In stark contrast, the workers here were hired through ABS-CBN's Human Resources Department. Their engagement did not involve a negotiation with ABS-CBN's high-level officials. They did not possess any peculiar skills or talents or a well-nigh celebrity status that would have given them the power to negotiate the terms of their employment. In fact, their only choice over their engagement was limited to either accepting or rejecting the standard terms of employment prepared by ABS-CBN. In the same manner, they received a basic salary and were granted benefits such as SSS, Medicare, and 13th month pay benefits customarily given to regular employees.

Equally telling, the workers did not enjoy the same level of impunity granted to Sonza. It bears stressing that an independent contractor is endowed with a certain level of skill and talent that is not available on-the-job. Obviously, the workers do not hold this level of distinction.88

Thus, on this point, this Court agrees with the CA that Sonza is not on all fours applicable, owing to the different factual milieu of the cases.

Petitioner explains that in the engagement of respondents, of prime consideration are their skills, knowledge or expertise vis-ŕ-vis the requirements and/or nature of the show or program and the directors' preference for talents whom they have previously worked with and who exhibited better skills over the others.89

Faced with the same line of argument in Del Rosario, the Court ruled to wit:

ABS-CBN further points out that a particular sense of creativity or artistic flair is needed depending on the type of show that the worker is employed. For instance, the artistry and skill demanded for a television drama or telenovela is very different from that required in a variety show or a current events program. According to ABS-CBN, this proves that the workers were hired due to their unique skill in matching the artistic demands of each distinct program.

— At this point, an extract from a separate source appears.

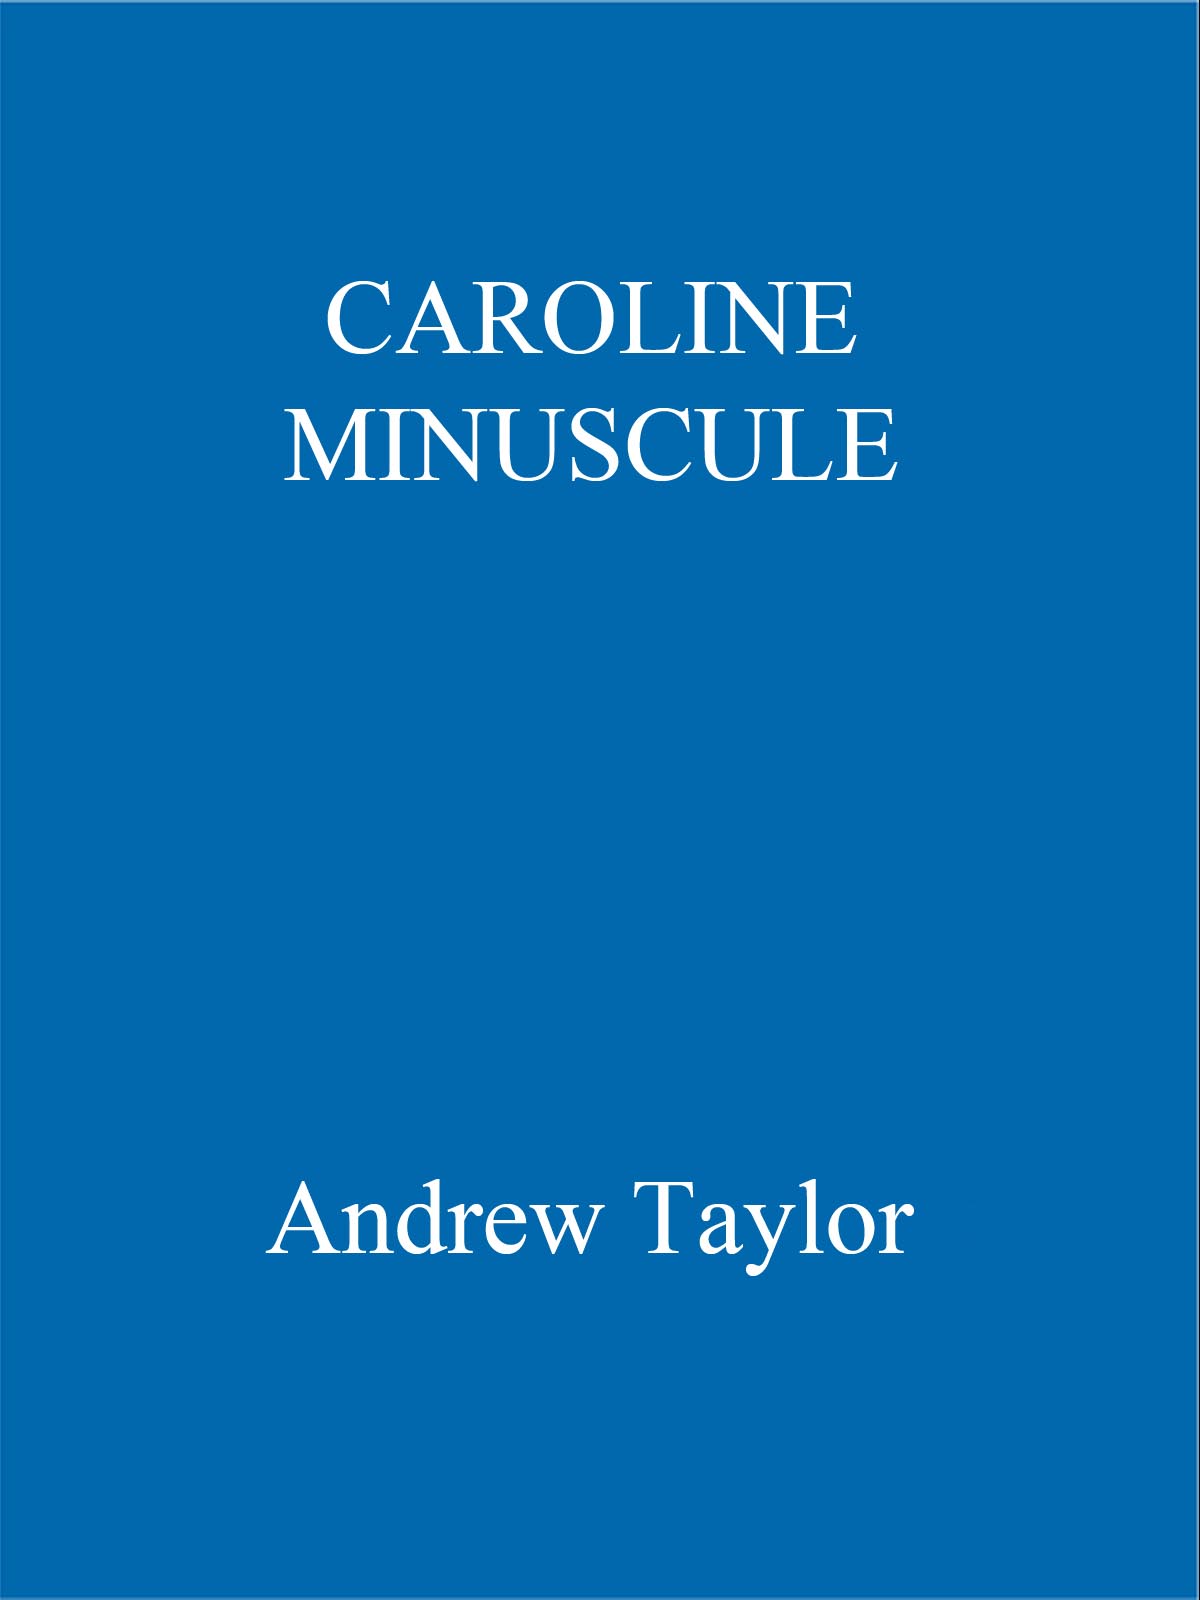 Caroline Minuscule (2012) by Andrew Taylor

Strangely, however, a perusal of the list of television shows where each worker was hired reveals that they worked on a diverse range of programs, ranging from formal news programs, lively variety shows, and dramatic telenovelas. The ease with which they shuttled from one program to another, regardless of the huge disparity in the genre of the programs, clearly shows that their duties were more routinary and mundane, and not artistic or creative as ABS-CBN strives to portray.90

Again, following Del Rosario, this Court finds no merit in the argument of petitioner. In the case at bar, the payslips show that in the year 2009 alone, all of the respondents have been assigned to various programs of huge disparity in genre, such as sports events, telenovelas, news programs, talk shows and game shows, among others. That they were able to serve as cameramen for a number of wide-ranging programs in a short span of time, undeniably proves that respondents' engagements in petitioner have been devoted to routinary and mundane work, rather than specific work that required unique, creative and artistic talents, skills, training and expertise, contrary to its argument.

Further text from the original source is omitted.